Exercise directions:
Below is a listing; retype exactly the lines between the one containing "BREAKING! New Info" and the one containing "Bootp and DHCP", inclusive, minus the pictures.

Exercise inputs:
Start of Block
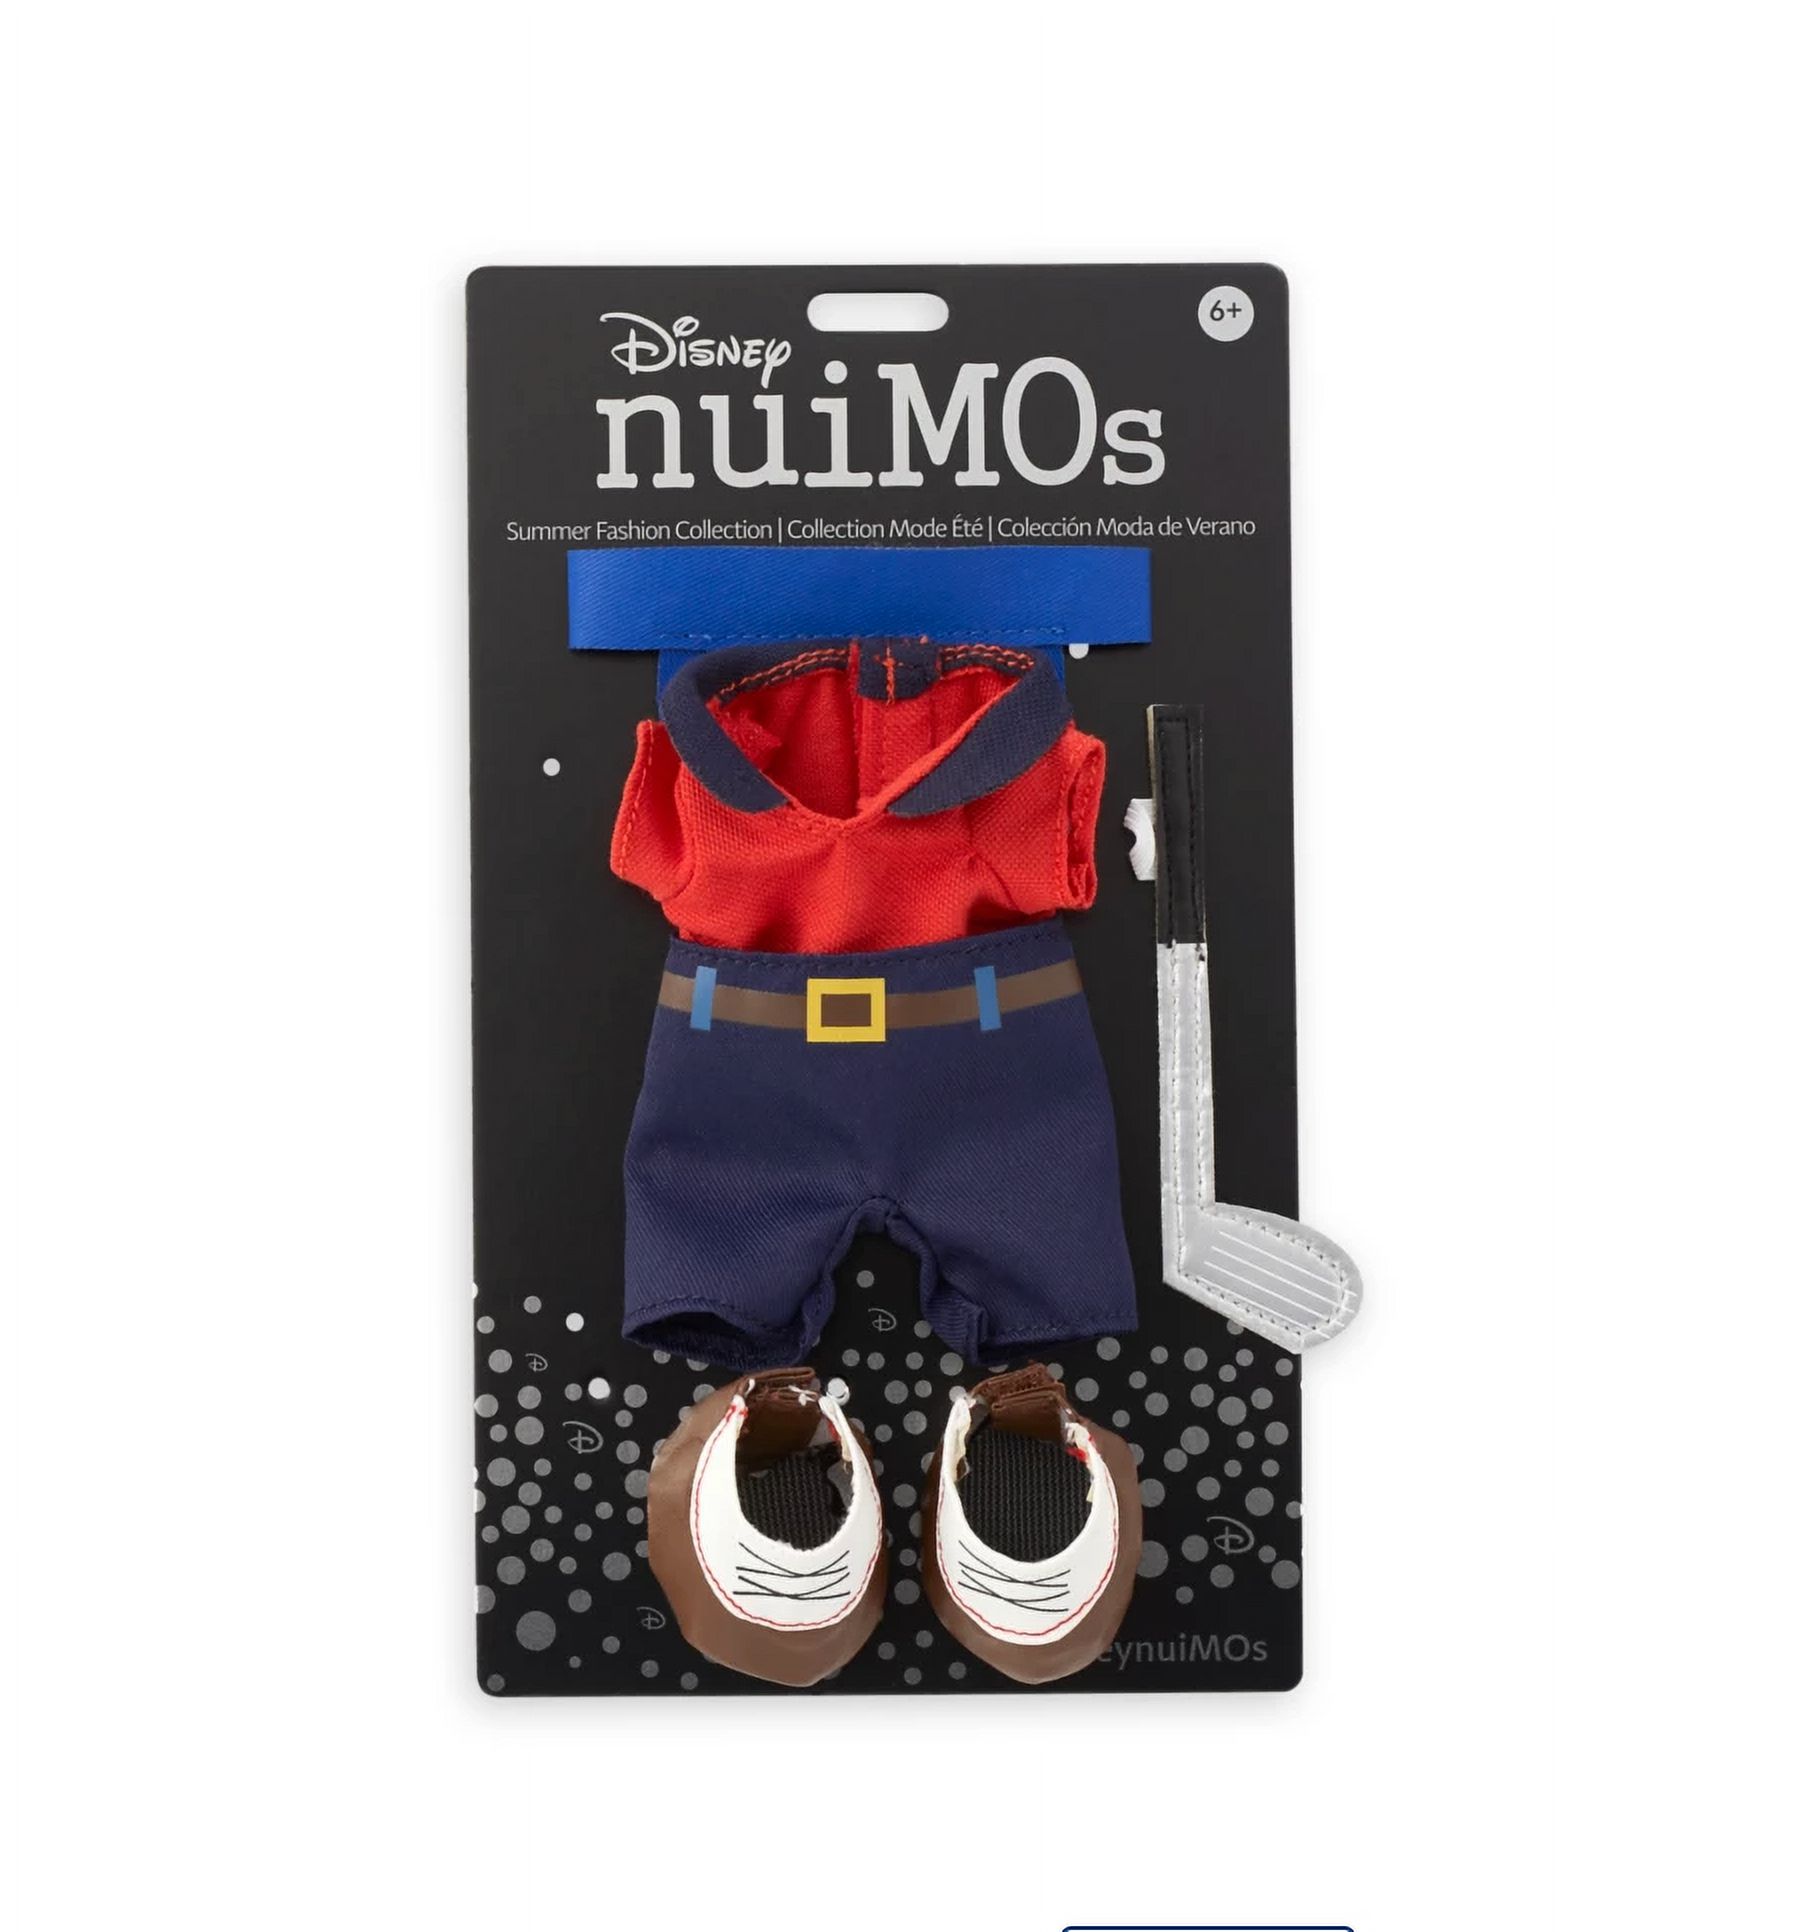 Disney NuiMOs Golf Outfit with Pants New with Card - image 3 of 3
End of Block
Start of Block
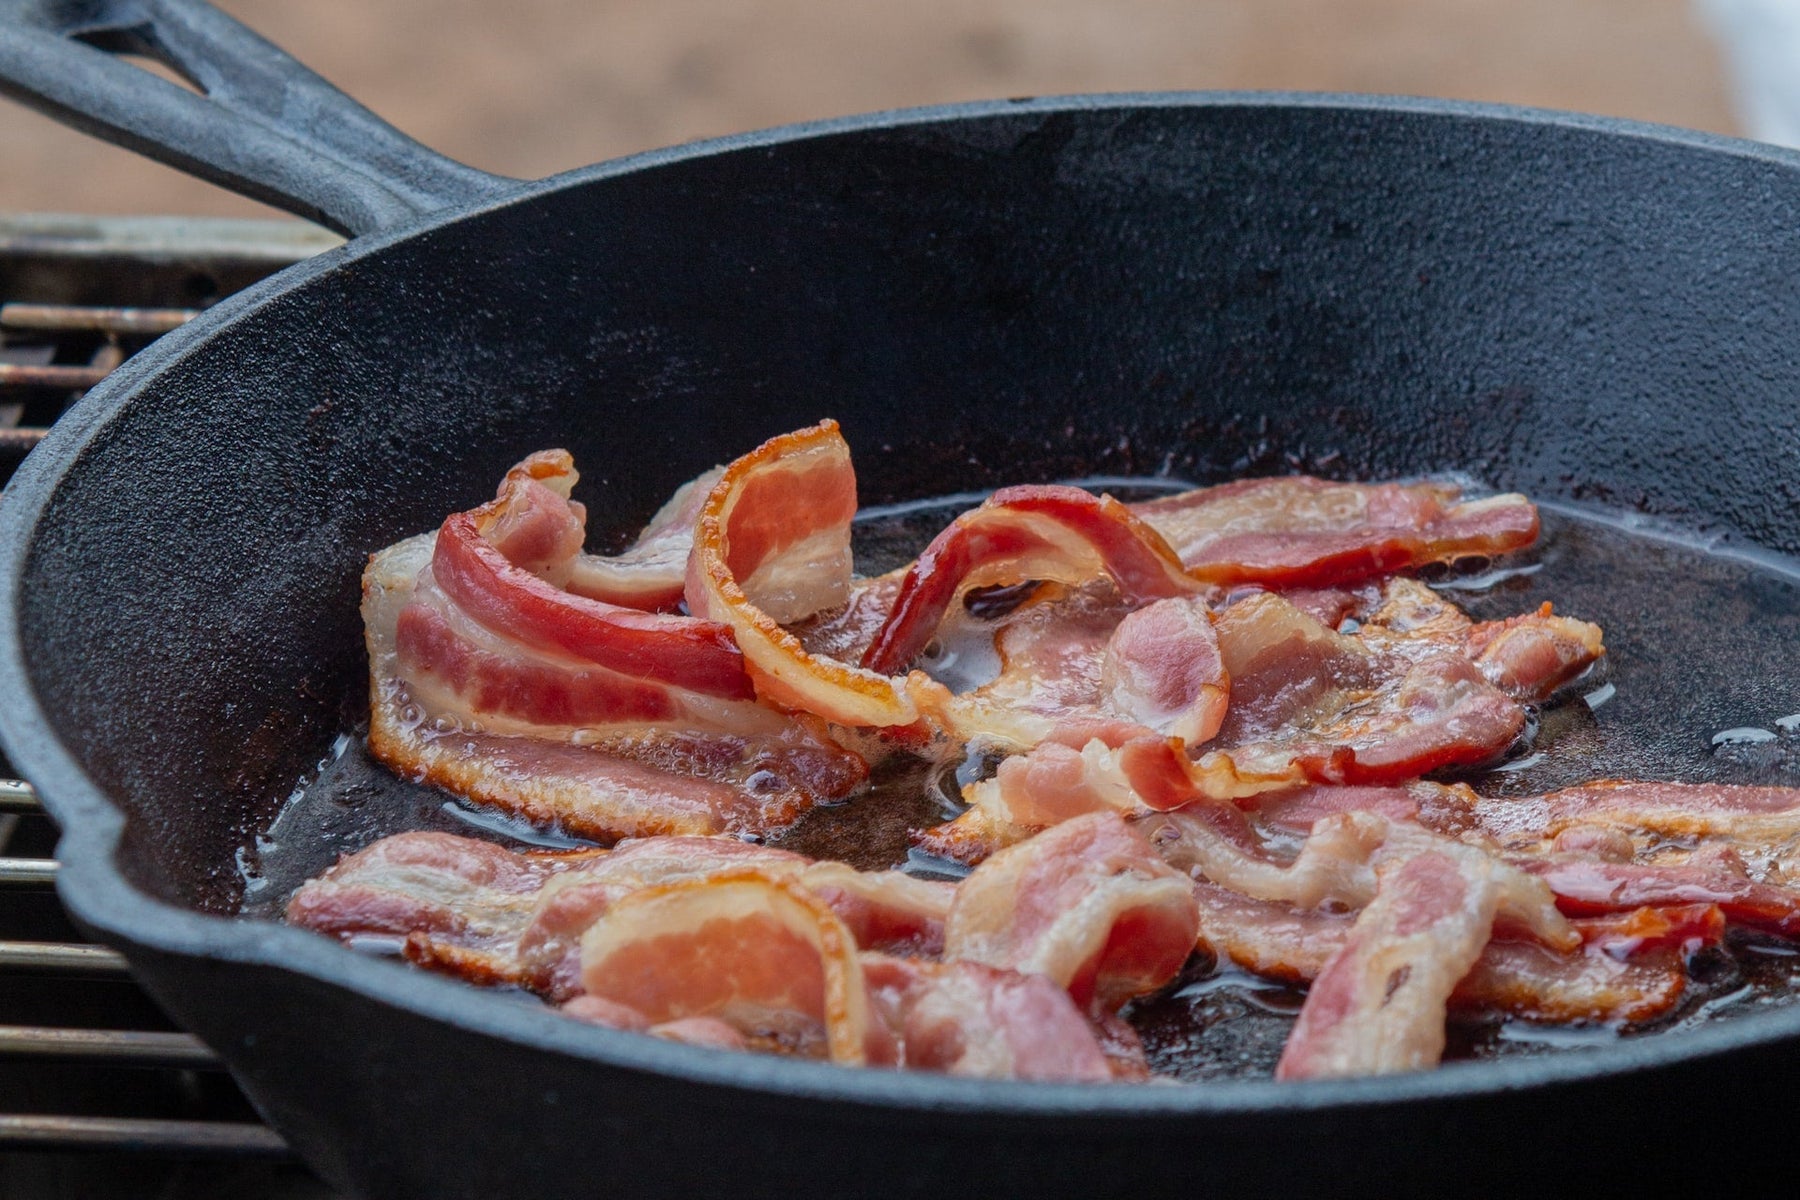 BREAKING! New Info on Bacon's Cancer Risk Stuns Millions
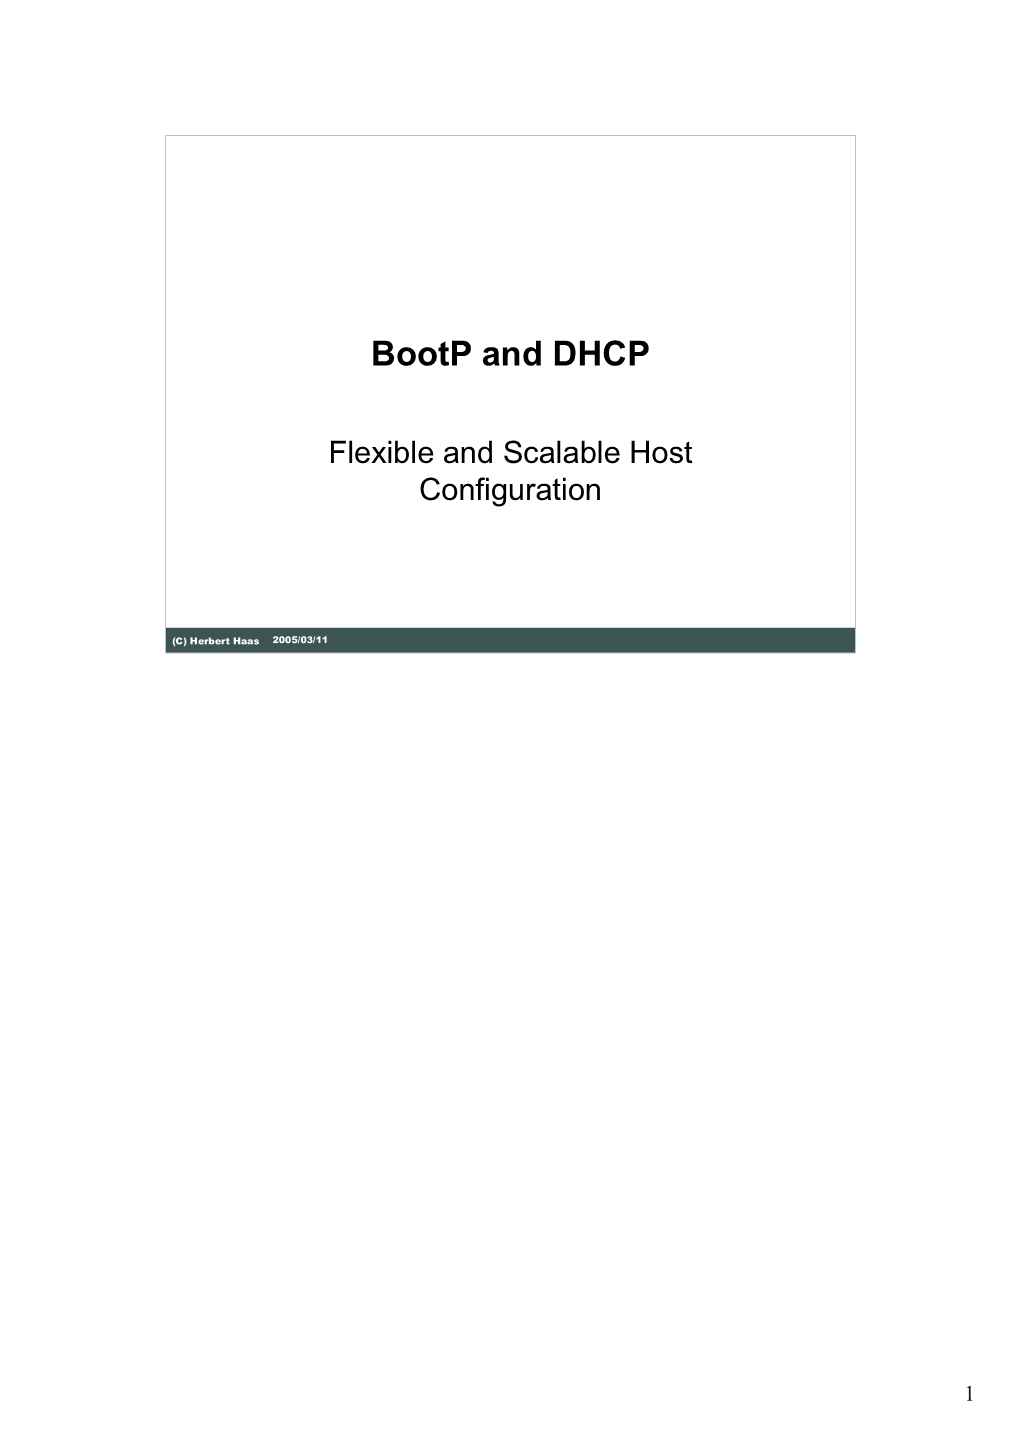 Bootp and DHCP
End of Block
Start of Block
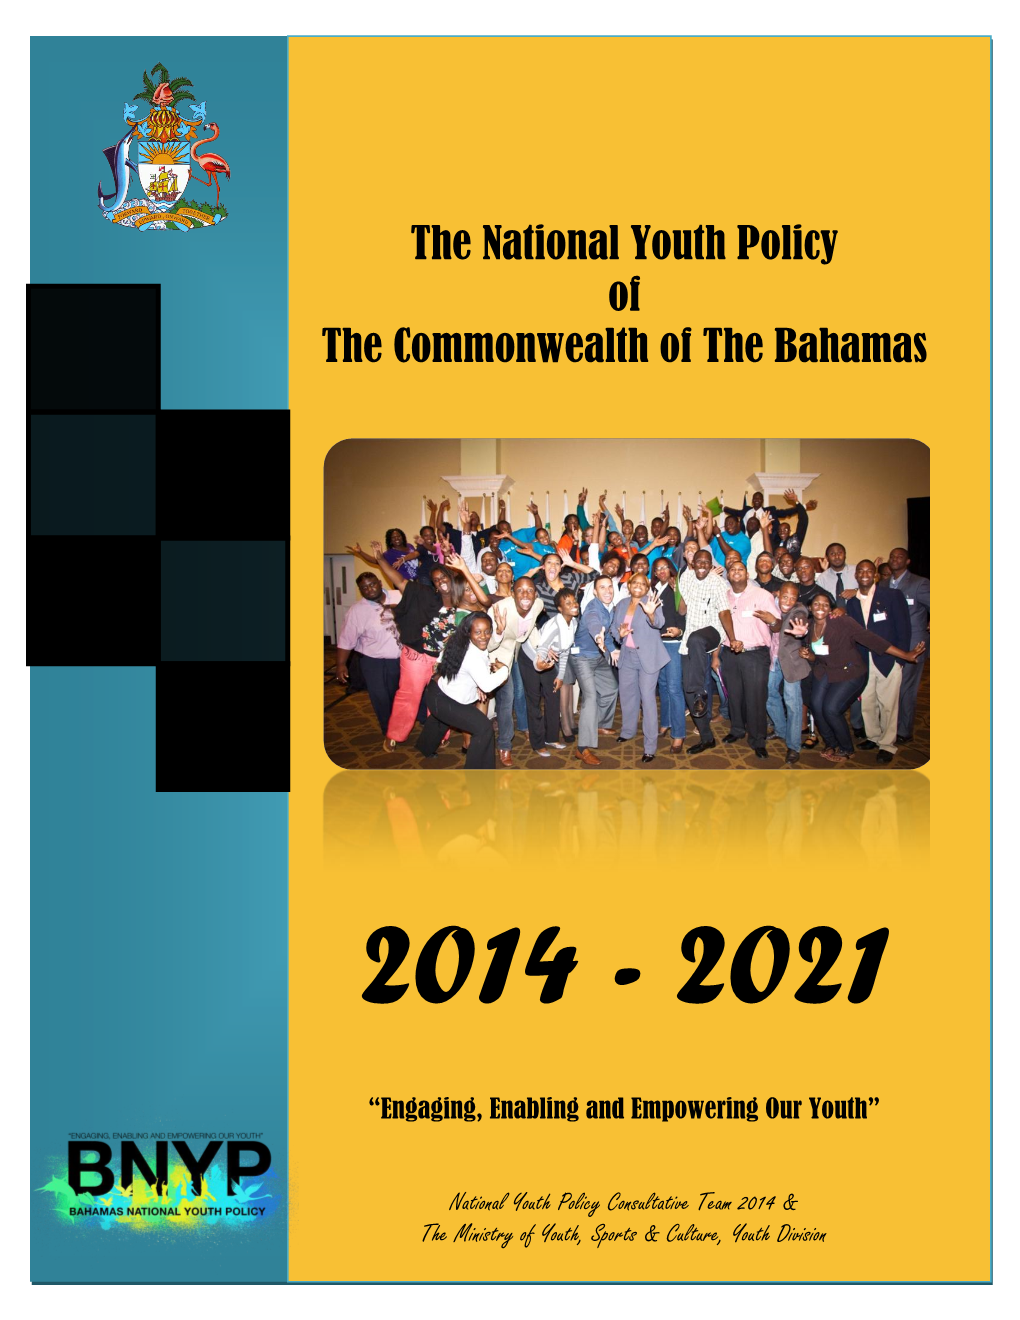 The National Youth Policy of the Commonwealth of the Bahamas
End of Block
Your response:
 BREAKING! New Info on Bacon's Cancer Risk Stuns Millions
 Bootp and DHCP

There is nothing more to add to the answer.